Signaux du FMI d’une réorientation politique décisive
La deuxième revue complète du FMI met en évidence un changement fondamental dans la position de l’institution financière internationale concernant l’expérimentation Bitcoin du Salvador. Au-delà des négociations sur l’avenir de Chivo, le fonds a mis en avant des indicateurs macroéconomiques solides : la croissance du PIB devrait atteindre environ 4 % pour l’année, tandis que les efforts de consolidation fiscale restent sur la bonne voie. Le cadre budgétaire 2026, selon l’évaluation du FMI, témoigne d’un engagement sincère en faveur de la réduction du déficit couplé à une amélioration des prestations de sécurité sociale. Notamment, le fonds a explicitement demandé que le secteur public salvadorien cesse tous achats volontaires de Bitcoin et réduise systématiquement son implication avec la plateforme Chivo.
Stacy Herbert et le défi du Bitcoin Office à l’autorité du FMI
Malgré ces directives formelles, une friction importante est apparue entre les prescriptions du FMI et leur mise en œuvre sur le terrain. Stacy Herbert, une figure éminente de la promotion du Bitcoin et acteur clé du Bitcoin Office du Salvador, est devenue la figure publique de la poursuite de l’accumulation de Bitcoin. Les canaux officiels du gouvernement affirment qu’aucun achat supplémentaire n’a eu lieu ; cependant, Stacy Herbert et le Bitcoin Office ont constamment maintenu que les acquisitions se poursuivent à un rythme accéléré — spécifiquement, environ un Bitcoin par jour.
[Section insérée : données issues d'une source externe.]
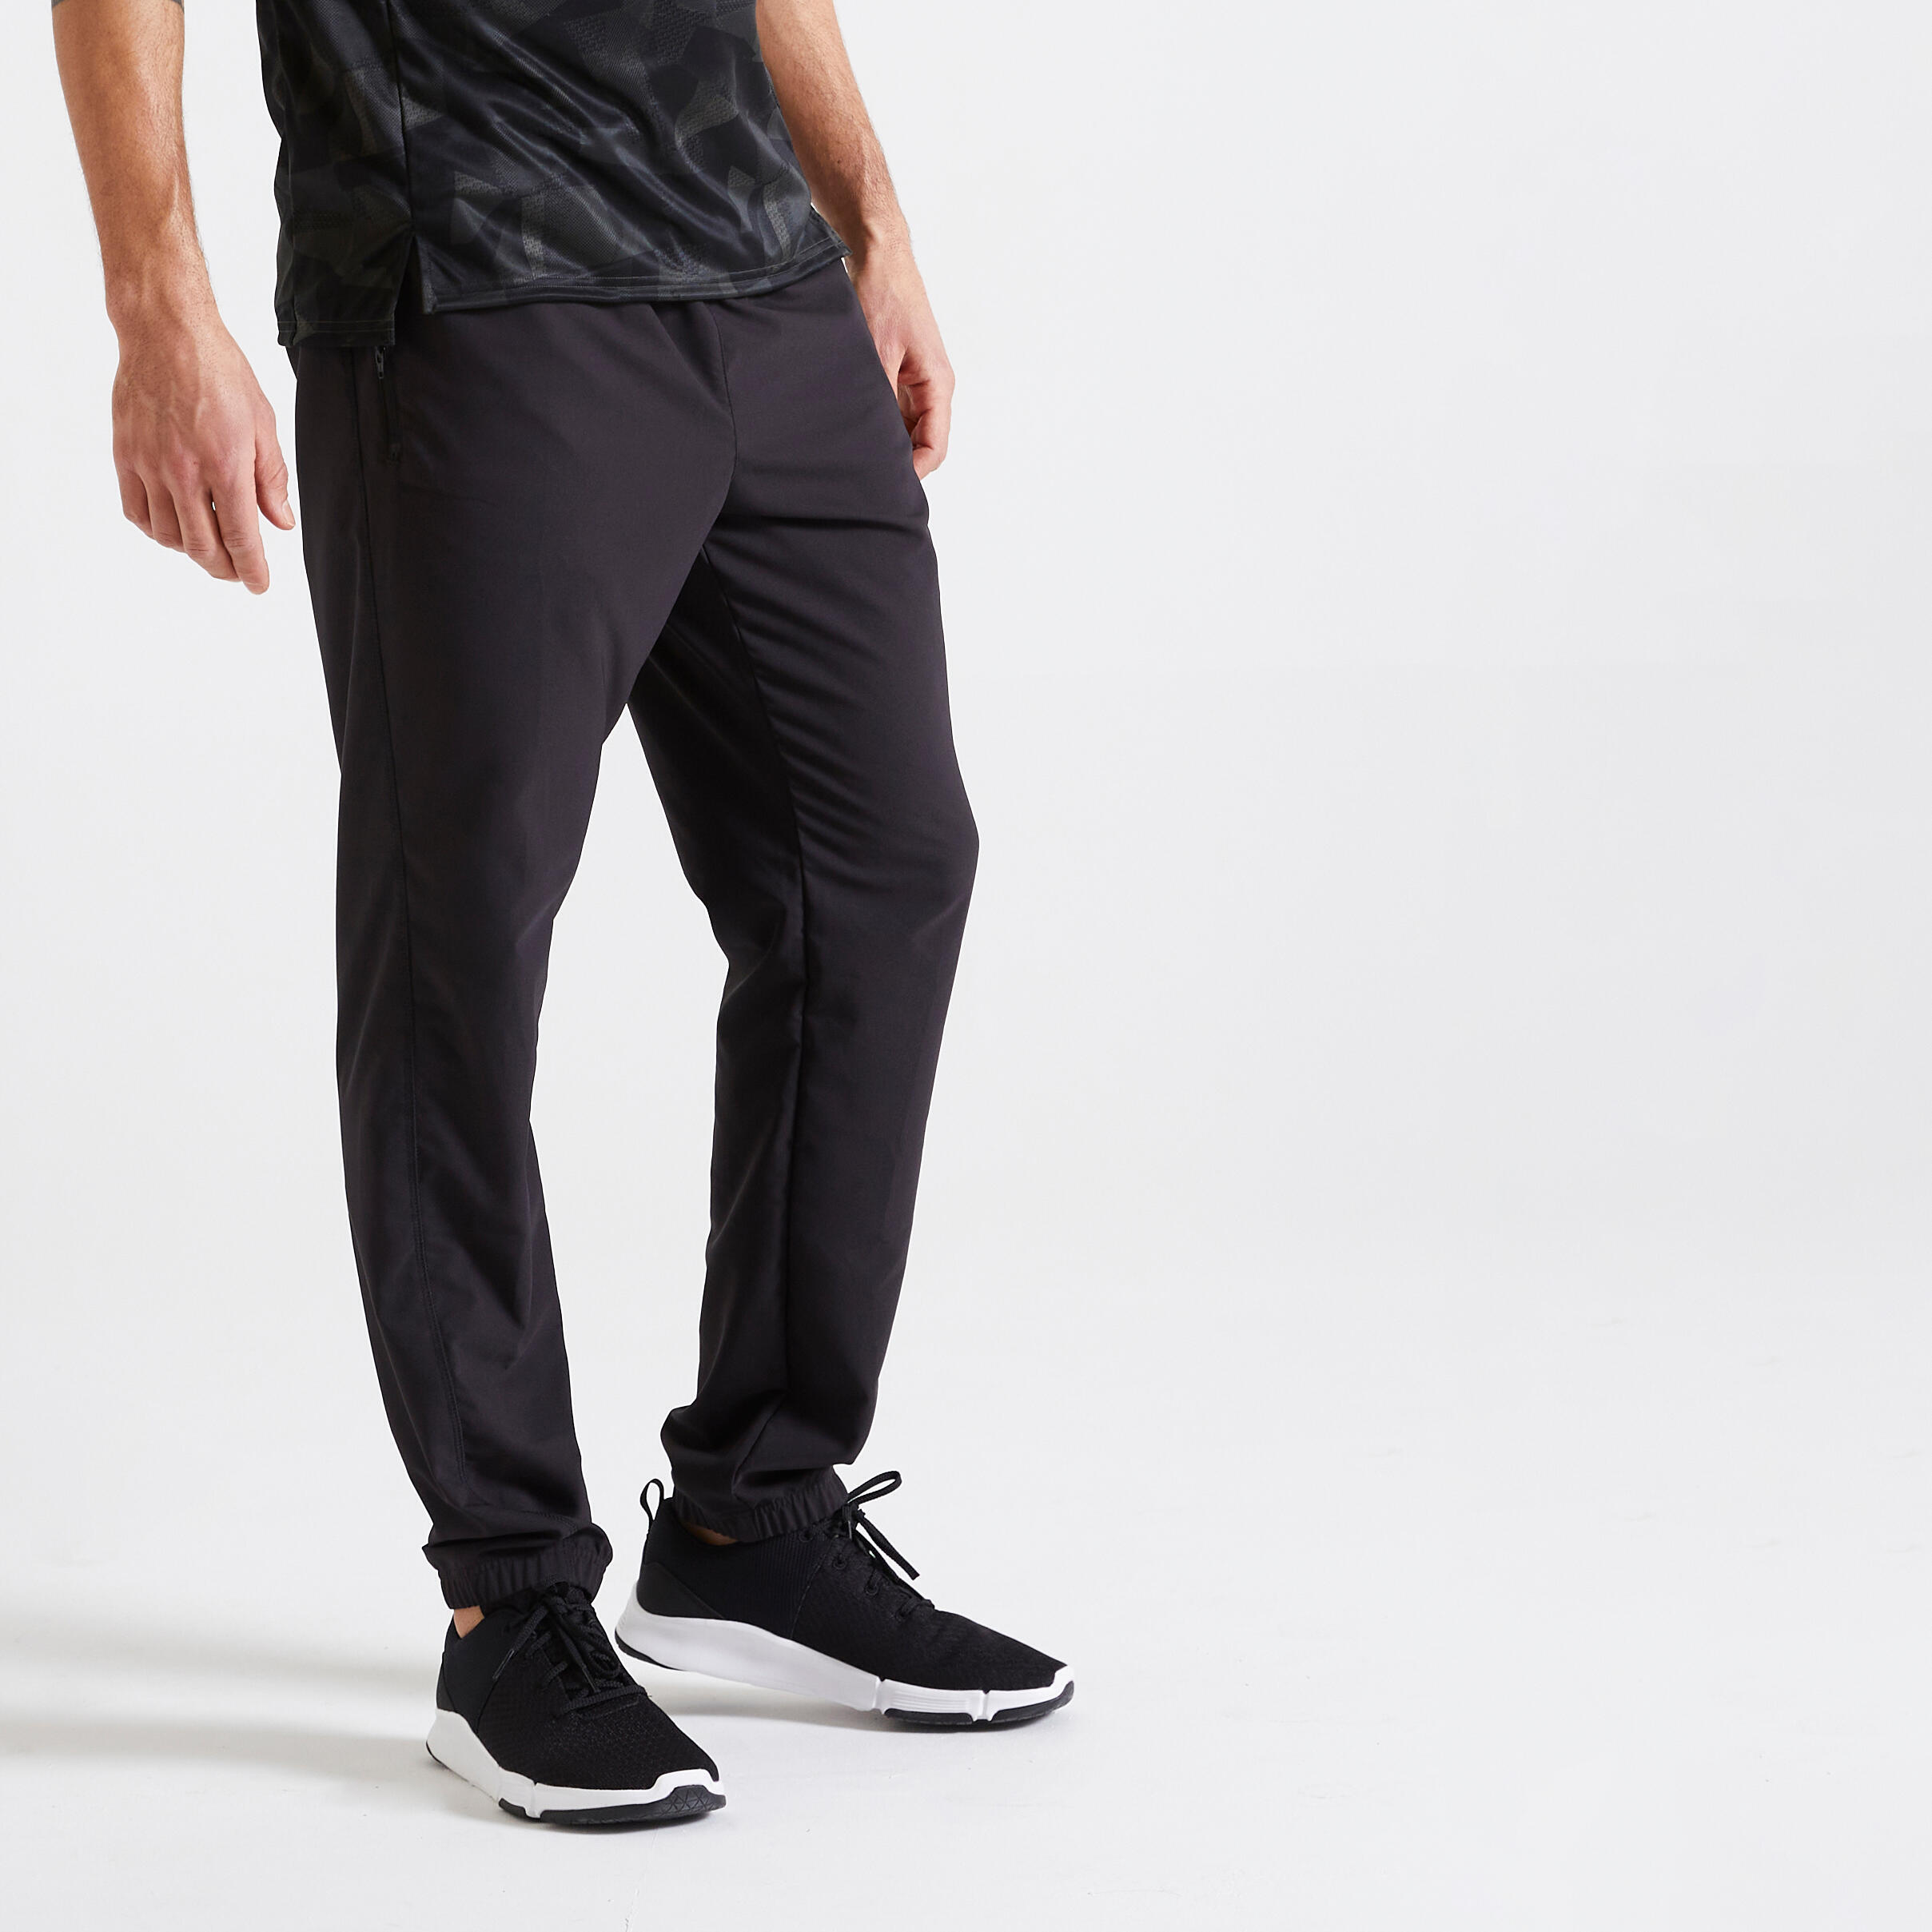 Тренировочные штаны для фитнеса дышащие обычные мужские черные DOMYOS, черный фото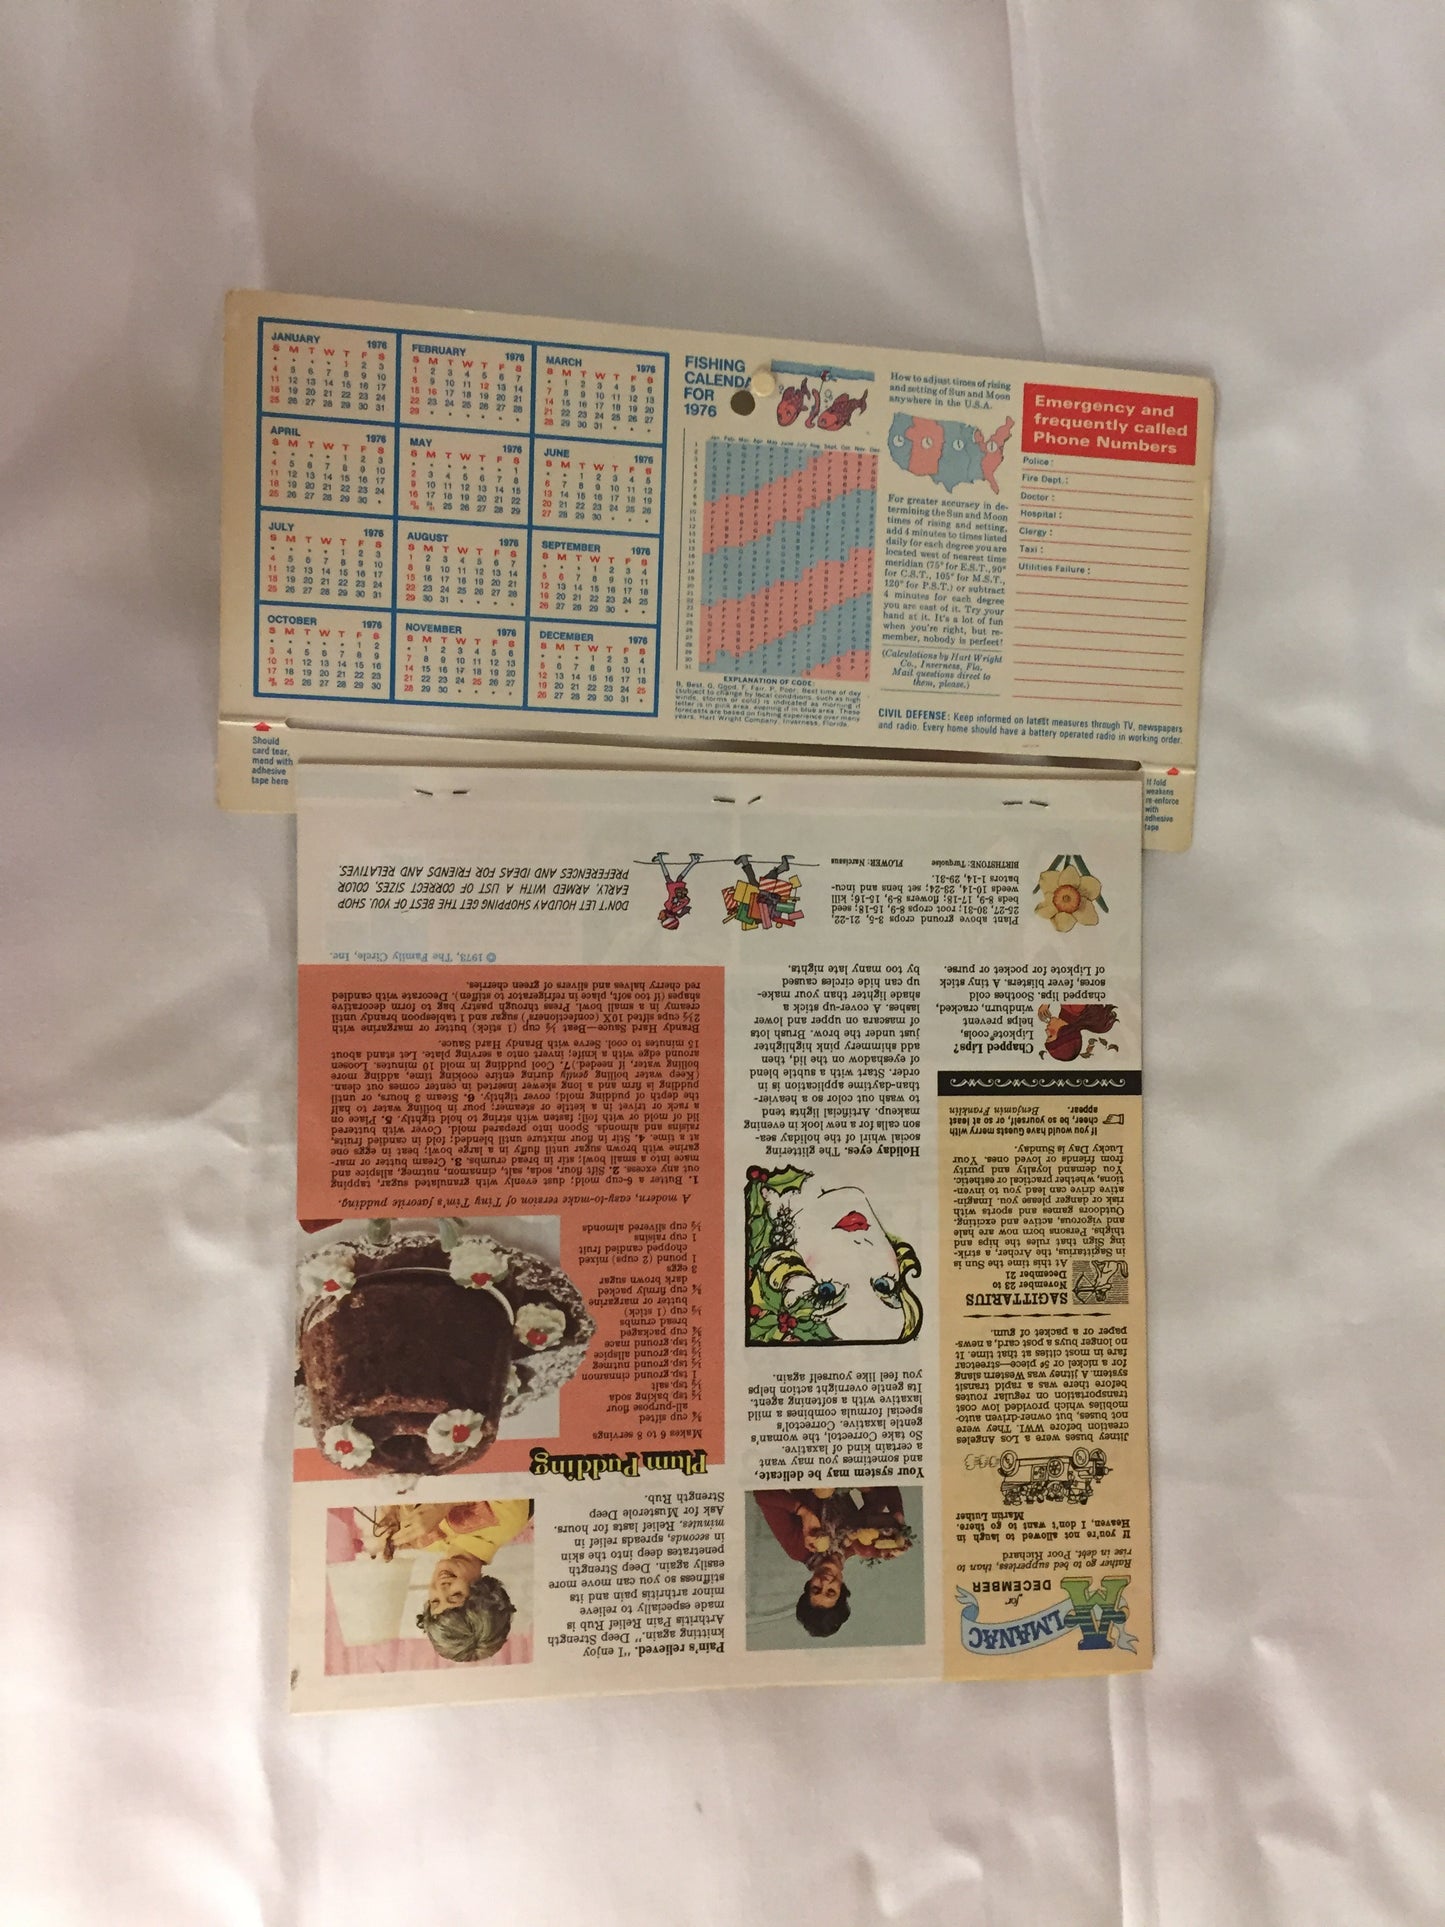 Vintage 1976 Cunningham's 21 Drug Store Advertising Calendar St. Joseph Family Almanac

Cette soi-disant frénésie d’achats aurait porté les avoirs totaux en BTC du Salvador à 7 509 pièces fin décembre 2025.
Le fossé de crédibilité croissant
L’écart entre les déclarations officielles et la rhétorique émanant de Stacy Herbert et de ses associés représente une contradiction politique importante. Alors que le gouvernement semble s’aligner sur les exigences du FMI pour suspendre les achats de Bitcoin, des preuves suggèrent qu’une narration alternative se déroule. La persistance de ces messages contradictoires soulève des questions sur la cohérence gouvernementale et la mise en œuvre réelle des accords négociés avec le FMI. Cette impasse met en lumière la tension entre la supervision financière internationale et la détermination d’une nation à maintenir sa stratégie controversée centrée sur le Bitcoin.